# New To O Scale



## trashman (Aug 6, 2011)

I just came into some O scale stuff and I was wondering what would be the recomended size layout. Is 4x8 to small?I have all fast trax with one switch, any ideas?


----------



## Big Ed (Jun 16, 2009)

trashman said:


> I just came into some O scale stuff and I was wondering what would be the recomended size layout. Is 4x8 to small?I have all fast trax with one switch, any ideas?


If you have the room go for the biggest you can afford for an O layout.
A 4x8 would work, an L added on one end would be better.


----------



## sjm9911 (Dec 20, 2012)

Trashman, I agree with Ed, build as big as you can and leave room for expansion. I just started with this train stuff in October last year. I built a conventional layout 2 prices of plywood and was very happy. Until I caught the train syndrome. I bought more and more stuff. I told myself I would never buy the newerccomputerized stuff. Well I just did and now have to re arrange everything. Just think it out. Build as big as you want for now but leave room ( and maybe a semi unfinished side) just in case. Good luck and if your having problems, these guys will help, me too if I can!


----------



## Kwikster (Feb 22, 2012)

4x8 is a good starter size. Big enough to have decent sized runs, yet small enough to be easily worked on and around. Also when you start adding more track, you'll need a larger transformer. Much beyond 4x8 and less than 90 watts won't be enough especially when adding switches and accessories. I'd consider getting something along the lines of a ZW or a Z4000 for more power when you go larger.

Carl


----------



## tjcruiser (Jan 10, 2010)

Take a look at some of the layouts on the Thor site for ideas ...

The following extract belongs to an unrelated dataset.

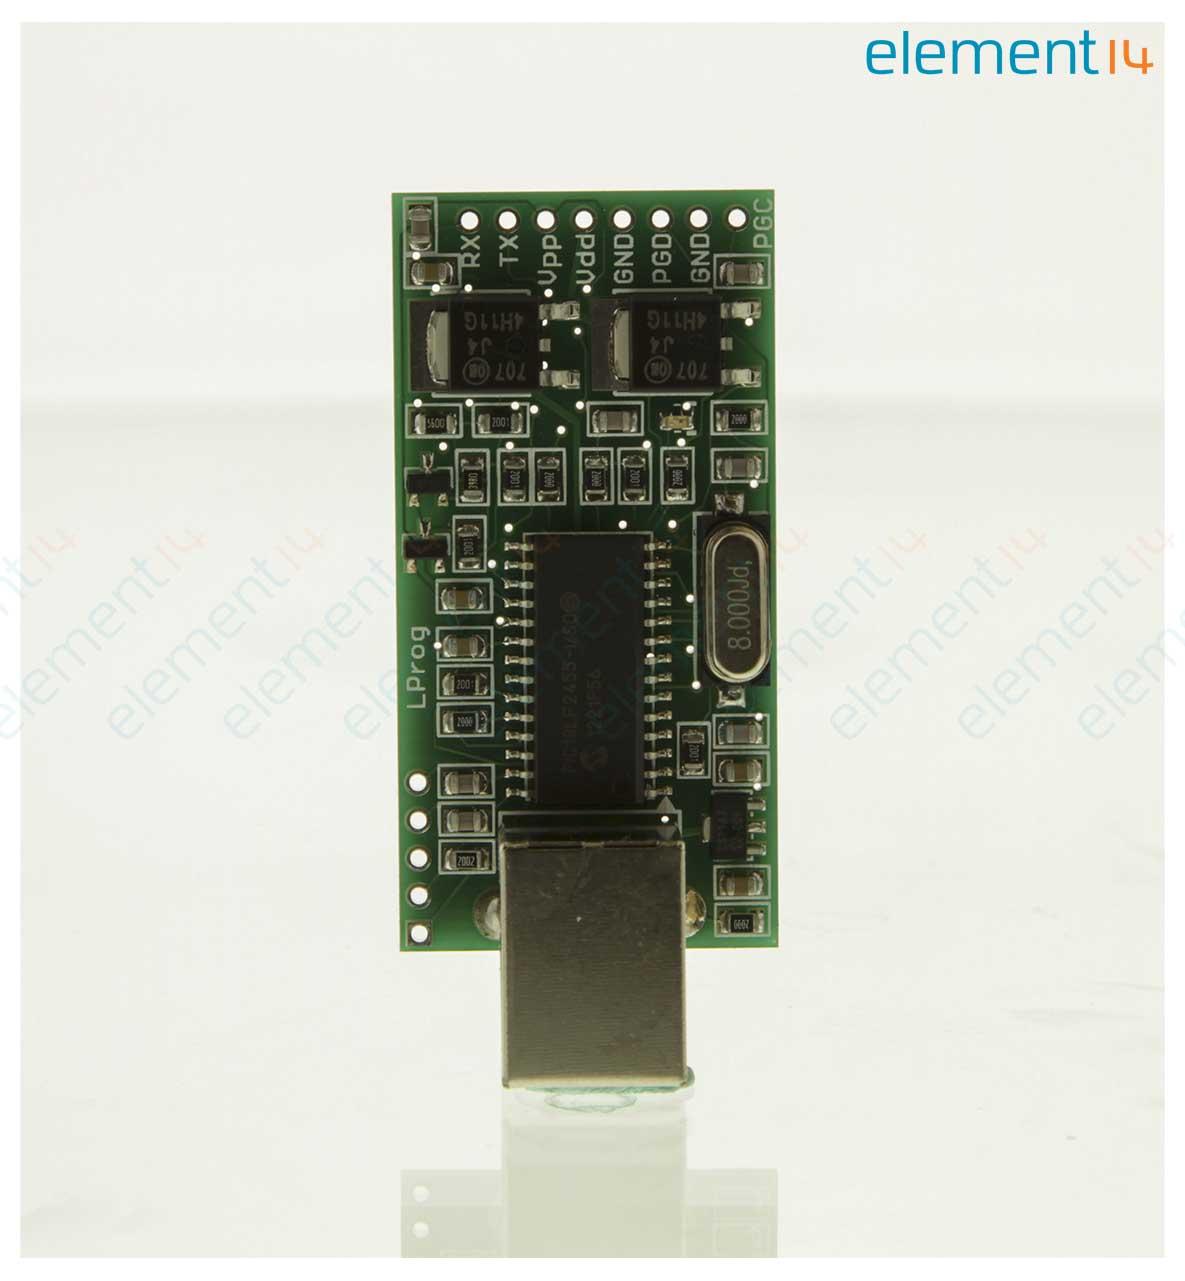 Temlp001 Microchip Lprog Programmer Usb Powered Light Weight Usbpowered Pic Circuit Schematic

http://www.thortrains.net/

Scroll down to O/O27 Layouts ... layout links under there.

TJ


----------



## trashman (Aug 6, 2011)

very helpfull, thanx guys. one more question, do you use feeders like you would in a HO layout?


----------



## gunrunnerjohn (Nov 10, 2010)

Yep, for a 4x8 layout, probably two-three feeders around the layout will do the trick. Fastrack is actually pretty good about conveying power. I've run loops of around 45-50 running feet with one drop and they've worked pretty well. There is a voltage drop of a couple of volts, so it's not optimal without additional drops.


----------



## Don Trinko (Oct 23, 2012)

Have fun, That is the main thing. You will find that most Model railroaders consider there layout to be a work in progress. More track is more fun. All IMO; Don


----------



## American Luxury (Jul 4, 2013)

gunrunnerjohn said:


> Yep, for a 4x8 layout, probably two-three feeders around the layout will do the trick. Fastrack is actually pretty good about conveying power. I've run loops of around 45-50 running feet with one drop and they've worked pretty well. There is a voltage drop of a couple of volts, so it's not optimal without additional drops.


What is a drop?


----------



## gunrunnerjohn (Nov 10, 2010)

Sorry, a "drop" is a feeder for power to the track. Best practice is to put one for each 10-15 feet of track.


----------